Fig 8. Contribution of SElX to S. aureus survival in whole blood.

(A) Whole blood killing (WBK) of S. aureus strain JSNZ or JSNZΔselX +/- recombinant SElX (0.5 or 1.0 μM) or SElX-R141A at 1.0 μM. Bacterial survival was determined by CFU enumeration after 20 hr co-incubation. (B) WBK of S. aureus JSNZ, JSNZΔselX, JSNZselxR141A, or JSNZΔselxREP. Bacterial survival was determined by CFU enumeration after 20 hr co-incubation. The graphs are a representative of three independent experiments performed on three individual donors. Data is the mean ± SD of duplicate tests enumerated in triplicate. Statistics were performed using Graphpad Prism. Kruskal—Wallis one way ANOVA was performed (p = 0.0005) and comparisons between samples and JSNZ were made using Dunn's Multiple Comparison Test (** p< 0.01, ns = not significant).

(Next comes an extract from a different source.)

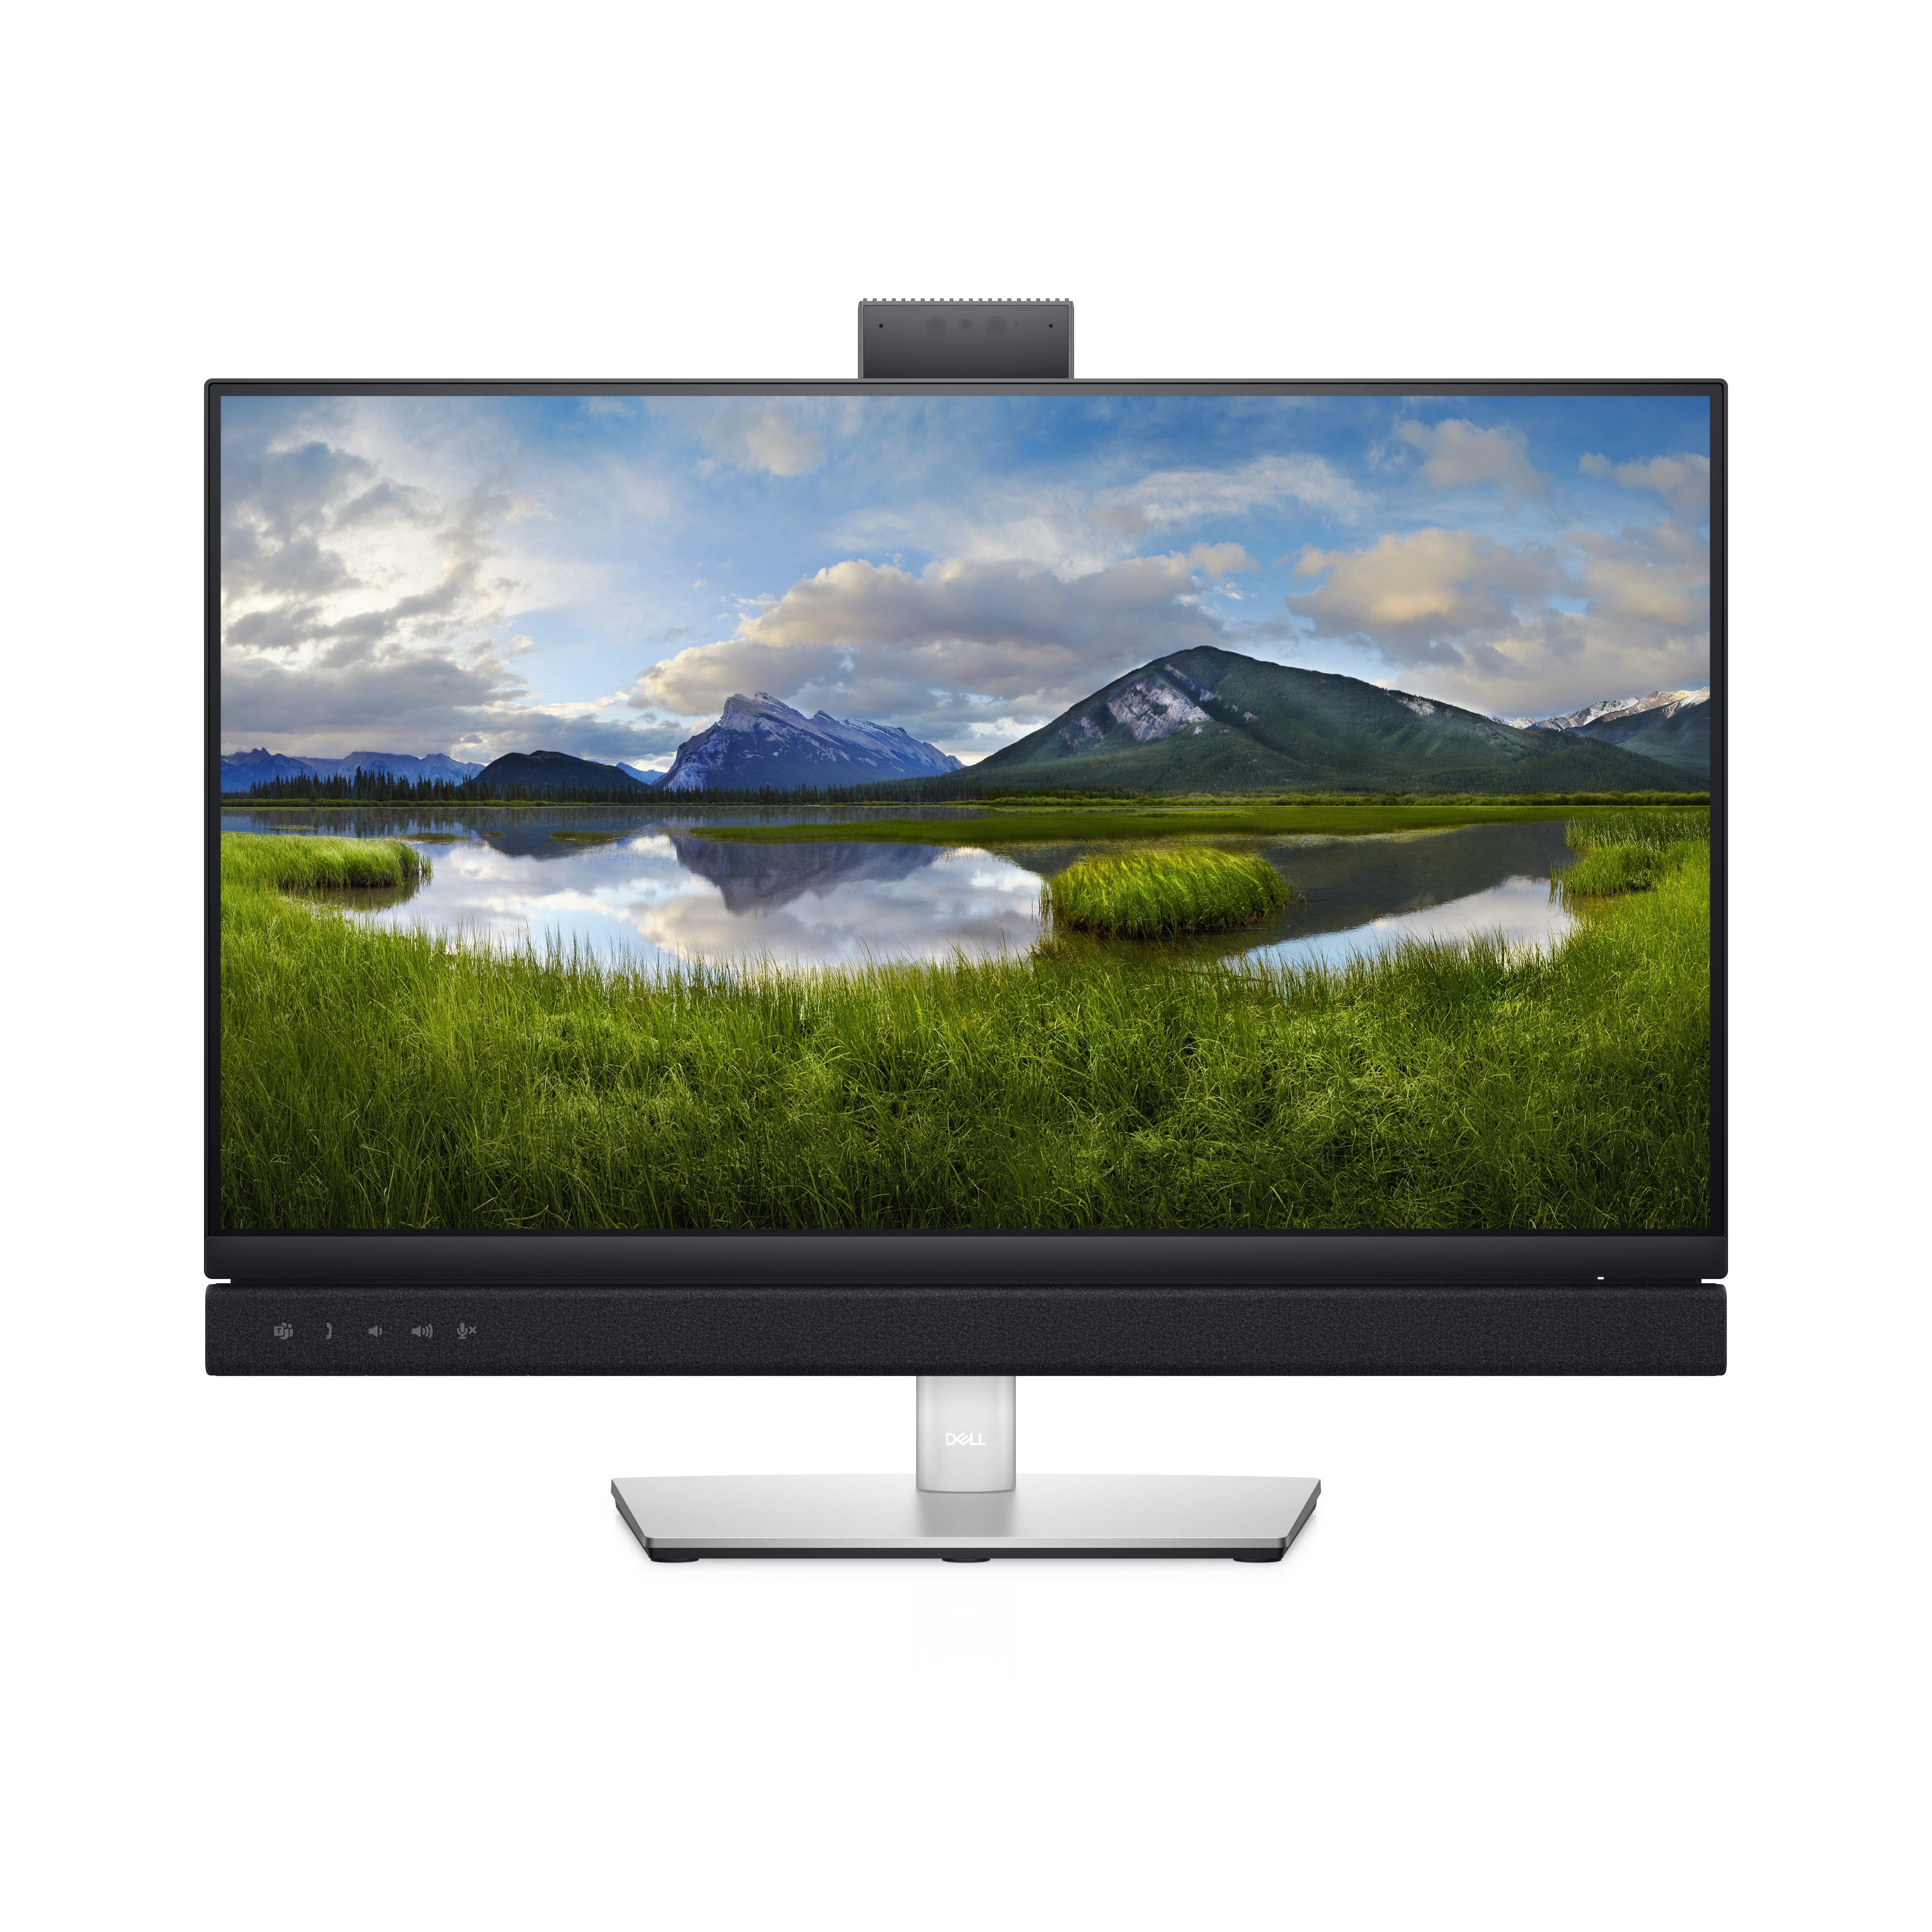 """DELL C2422HE 60,5 cm (23.8"""") 1920 x 1080 Pixels Full HD LCD Zwart, Zilver"""

Fig 9. Expression analysis of selX.

(A) Alignment of the region upstream from selX with the known upstream regulatory regions of ssl1, ssl7, ssl9, and ssl11. The -10 and -35 promoter elements are boxed and the region of homology to the saeR binding site (GTTAA-n6-GTTAA) is highlighted in grey. Conserved residues are indicated with an asterisk. (B). Relative selX transcript levels in S. aureus isolated from abscesses (n = 6) removed at 24 hr, 48 hr, or 96 hr after subcutaneous infection of mice with 5x10⁶ S. aureus Newman or JSNZ. selx, saeR expression normalized to reference genes gyrB and ftsZ and compared to in vitro expression of the inoculum. Each data point is the mean of triplicate values from an individual abscess, with the median of these mean values shown. Statistics were performed using Graphpad Prism. Kruskal—Wallis one way ANOVA was performed and comparisons between the in vivo samples and the inoculum were made using Dunn's Multiple Comparison Test. The p value of significantly different groups is shown.